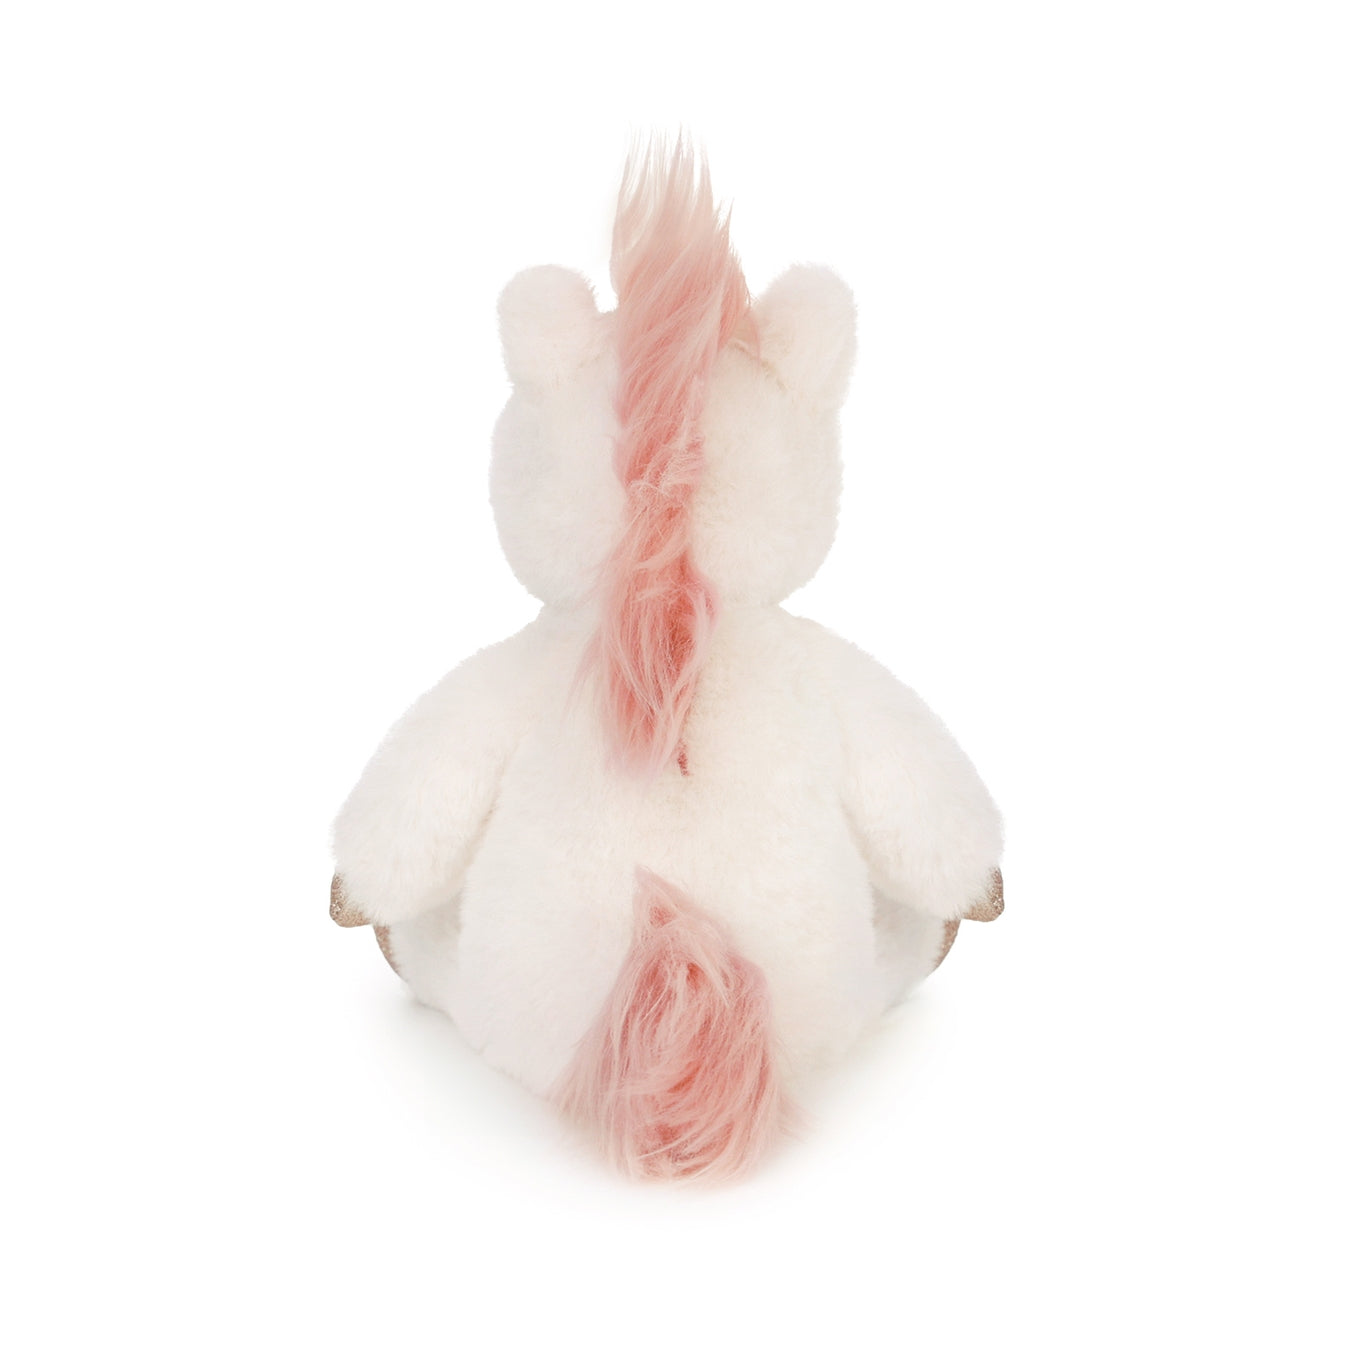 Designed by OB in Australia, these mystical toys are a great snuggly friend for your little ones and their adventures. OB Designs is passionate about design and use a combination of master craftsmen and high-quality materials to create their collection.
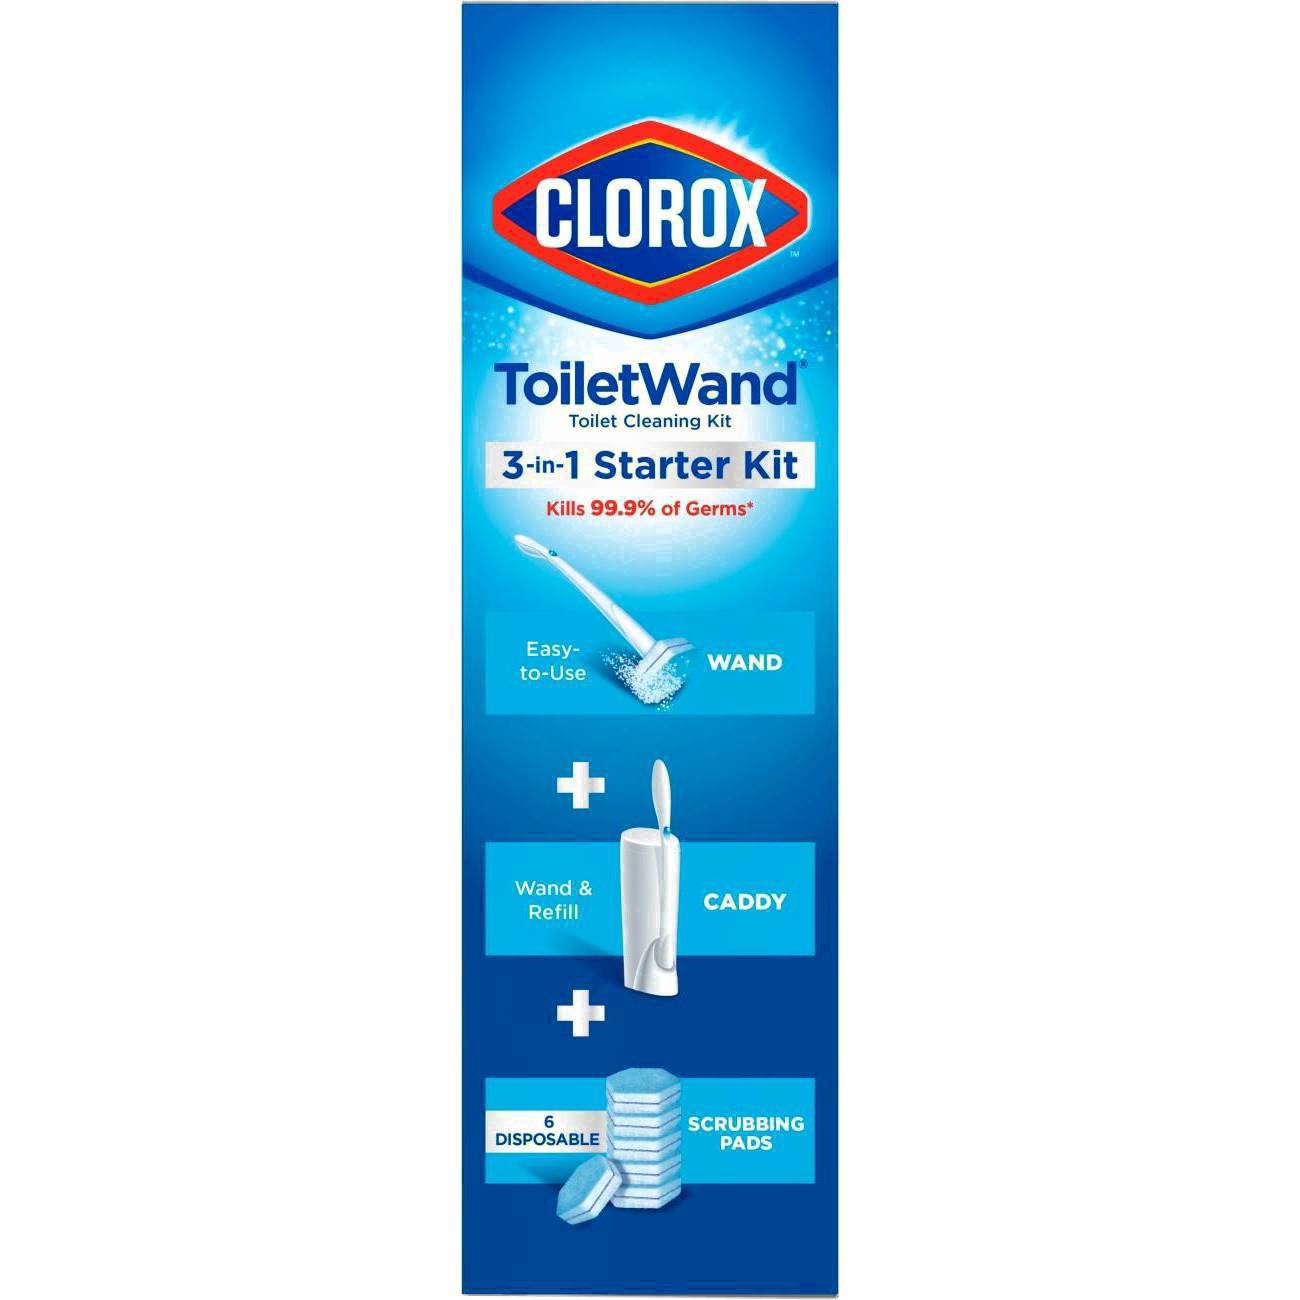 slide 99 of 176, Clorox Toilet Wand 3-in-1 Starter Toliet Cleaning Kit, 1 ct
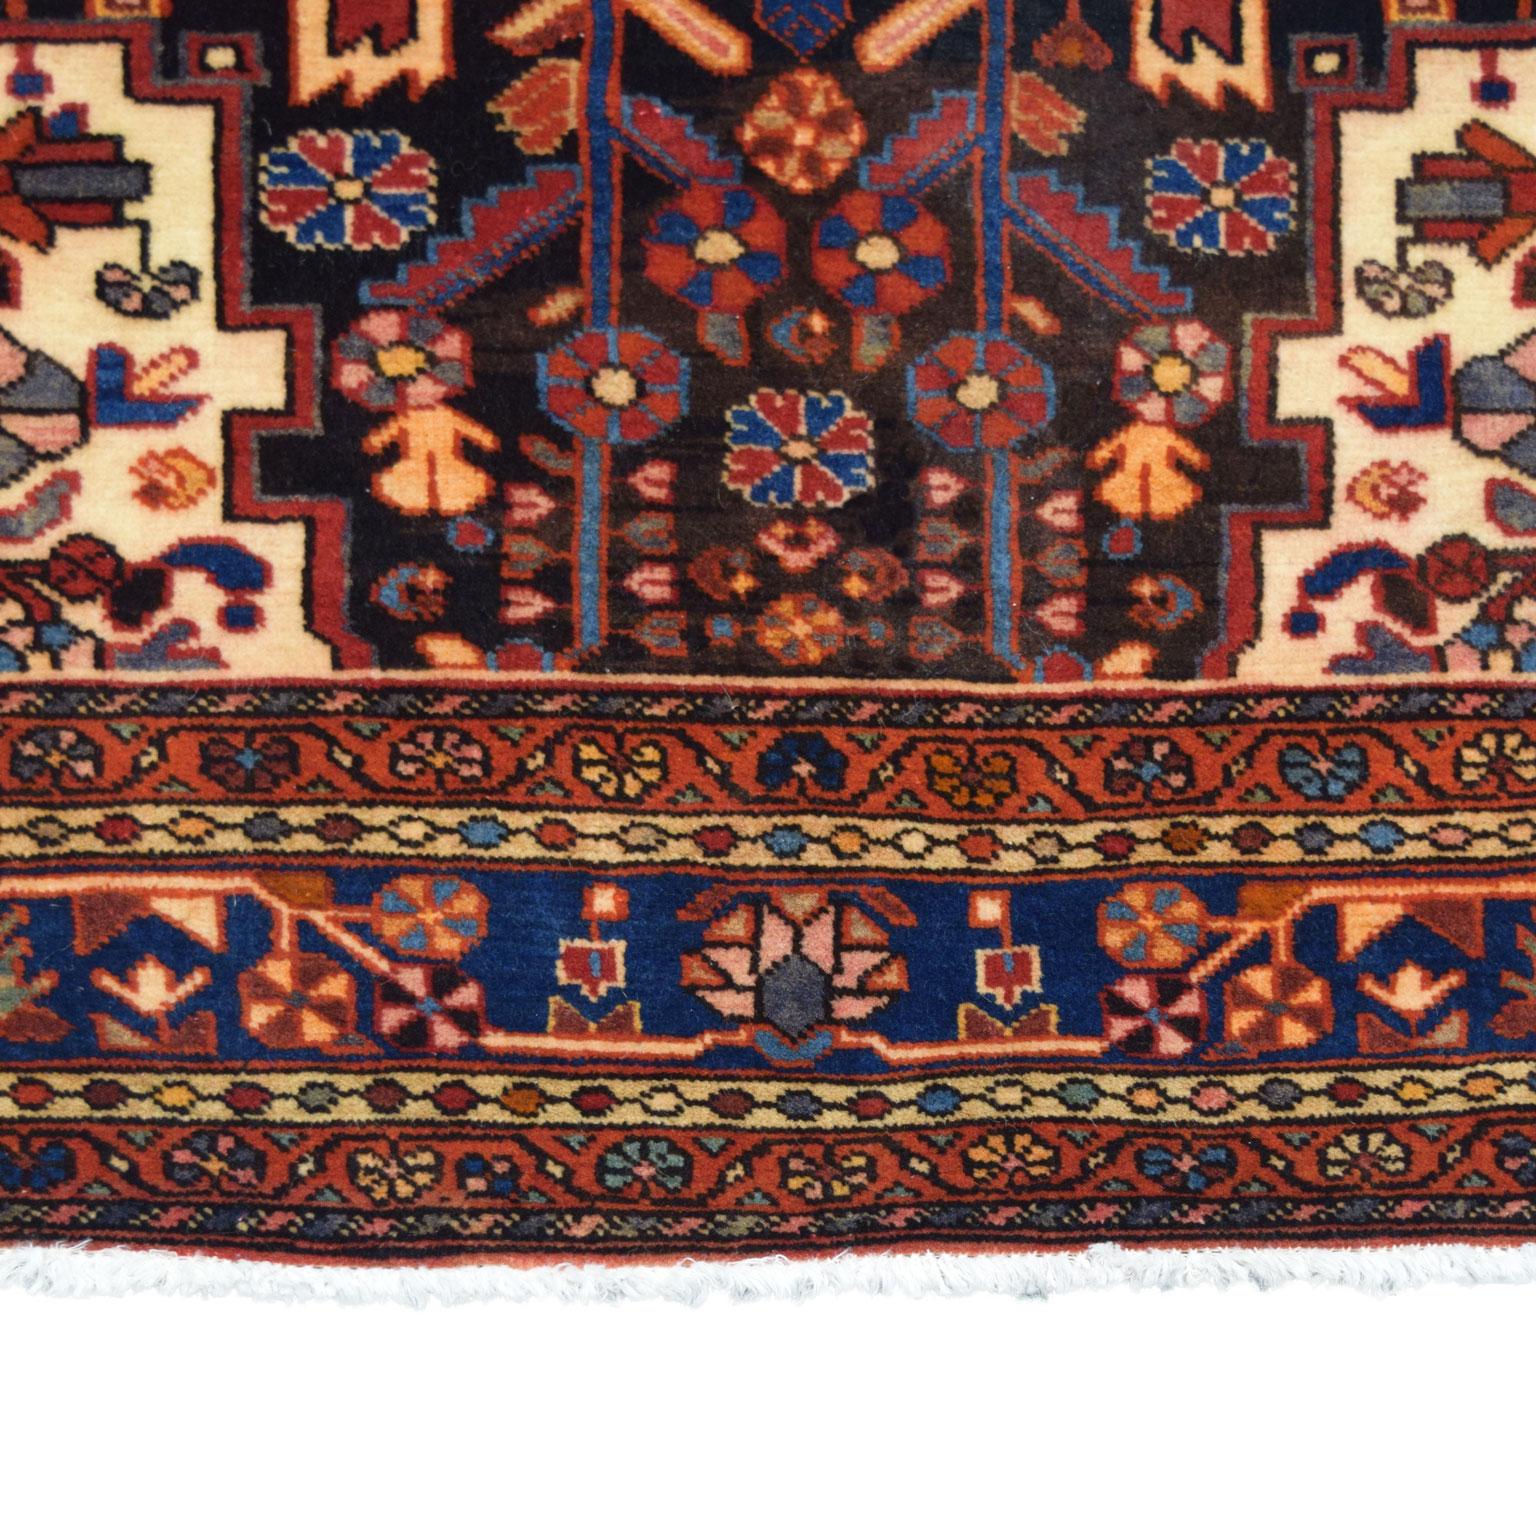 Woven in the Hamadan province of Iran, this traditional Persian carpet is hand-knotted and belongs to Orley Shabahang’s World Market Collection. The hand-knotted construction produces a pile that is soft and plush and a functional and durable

• _The task_:
No pictures should appear in the copy. Reproduce exactly the lines from the line containing "slide 99 of" through the last line of the data, inclusive.

• _Answer section_:
 slide 99 of 176, Clorox Toilet Wand 3-in-1 Starter Toliet Cleaning Kit, 1 ct
 Woven in the Hamadan province of Iran, this traditional Persian carpet is hand-knotted and belongs to Orley Shabahang’s World Market Collection. The hand-knotted construction produces a pile that is soft and plush and a functional and durable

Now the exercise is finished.